# Wanting to move to Australia from USA. Help



## tcscivic12 (Jul 2, 2008)

Hey all I am living in the United States (living in South Carolina) and am getting ready to go to college for electronics engineering. I would like to study abroad in Australia and eventually move there and pursue my career in Australia for Electronics Engineering. Any tips for an American in the United States living and working in my interest of work in Australia would be greatly appreciated. Also, I hope to get to know some people from Australia and keep in touch with them until I actually get there (eventually) if anyone can help me I would greatly appreciate it. Thank you.


----------



## kaz101 (Nov 29, 2007)

Hi tcscivic12, 

Welcome to the Aussie forum. 

Check out the "PLEASE READ...." post since that has links to visas and you'll want to check that you can get in with a student visa to study here. 

Quite a lot of us on this forum aren't Aussies since we've either moved here (or are in the process of moving here ) from somewhere else. I'm sure as a student that you'll mix with lots of Aussies once you are here 

Regards,
Karen


----------



## upnsmoke (Jul 2, 2008)

I'm Australian, currently in my expat here in the states.

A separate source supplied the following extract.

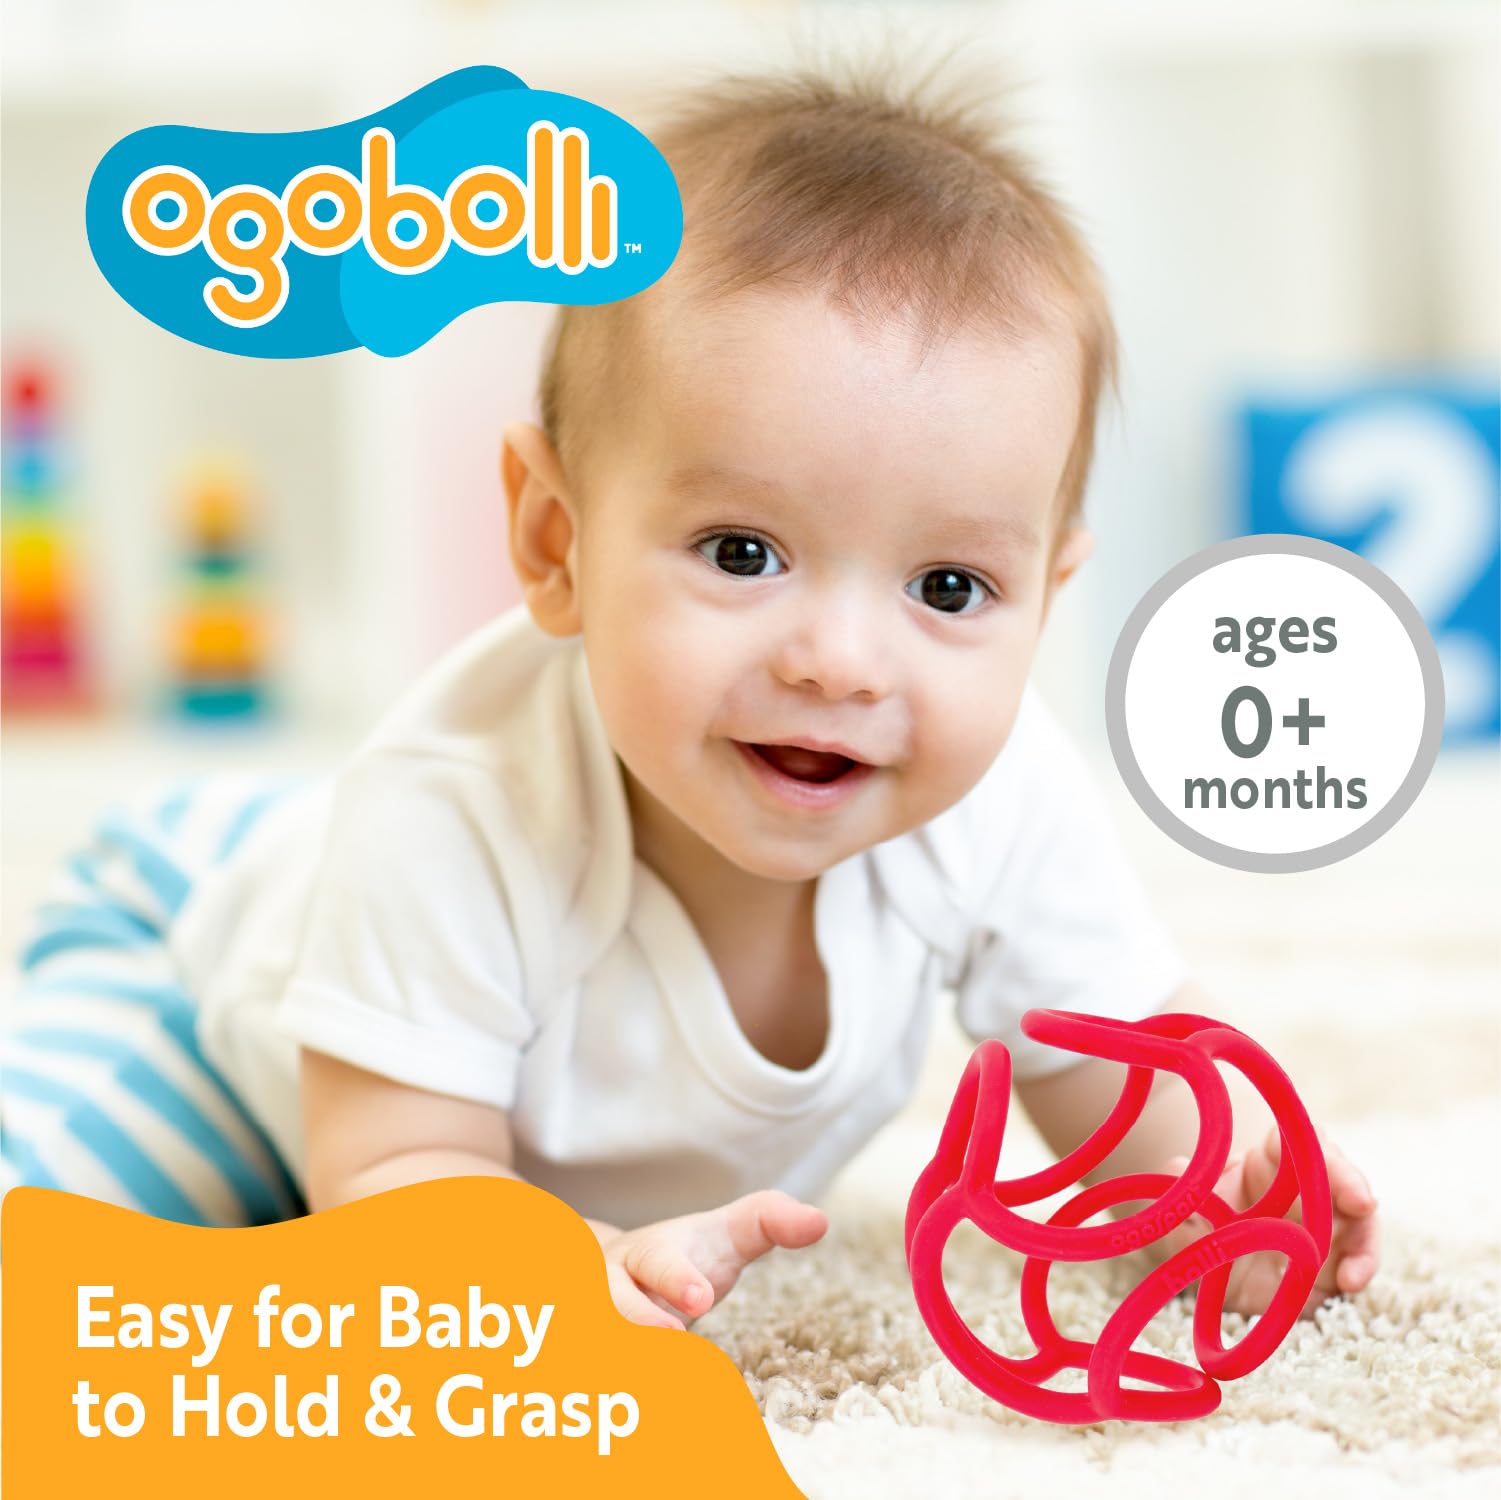 OgoBolli Teether Ring Tactile Sensory Ball Toy for Babies & Toddlers - Stretchy, Squishy, Soft, Non-Toxic Silicone - Boys and Girls Age 6+ Months - Red

The few differences I've notice with U.S and Australia.

- Health insurance, in the U.S you usually need health insurance to be able to afford getting the right treatment. In Australia, the health system is much "better" that any citizen or expats covered by medicare or some private health insurance, should be okay. Dental is expensive just like U.S however.


- Studying wise, you might have to pay up front in colleges/university. In the states, most engineering degrees require around 60K for a 4-5 year course, am I correct? Hence the student loans.
In Australia, if you are under HELP (formerly HECS), you can defer your payment, it comes out of your salary as part of your tax... and only if you make a certain amount. 
In your case, you might not be qualified for HELP, so you might need to pay upfront, or apply for some assistance. It'll most likely cost you 40K for a whole course that way... Im not sure, but medicine cost 60~70K in Australia. In the U.S I heard it could get into the 100K+.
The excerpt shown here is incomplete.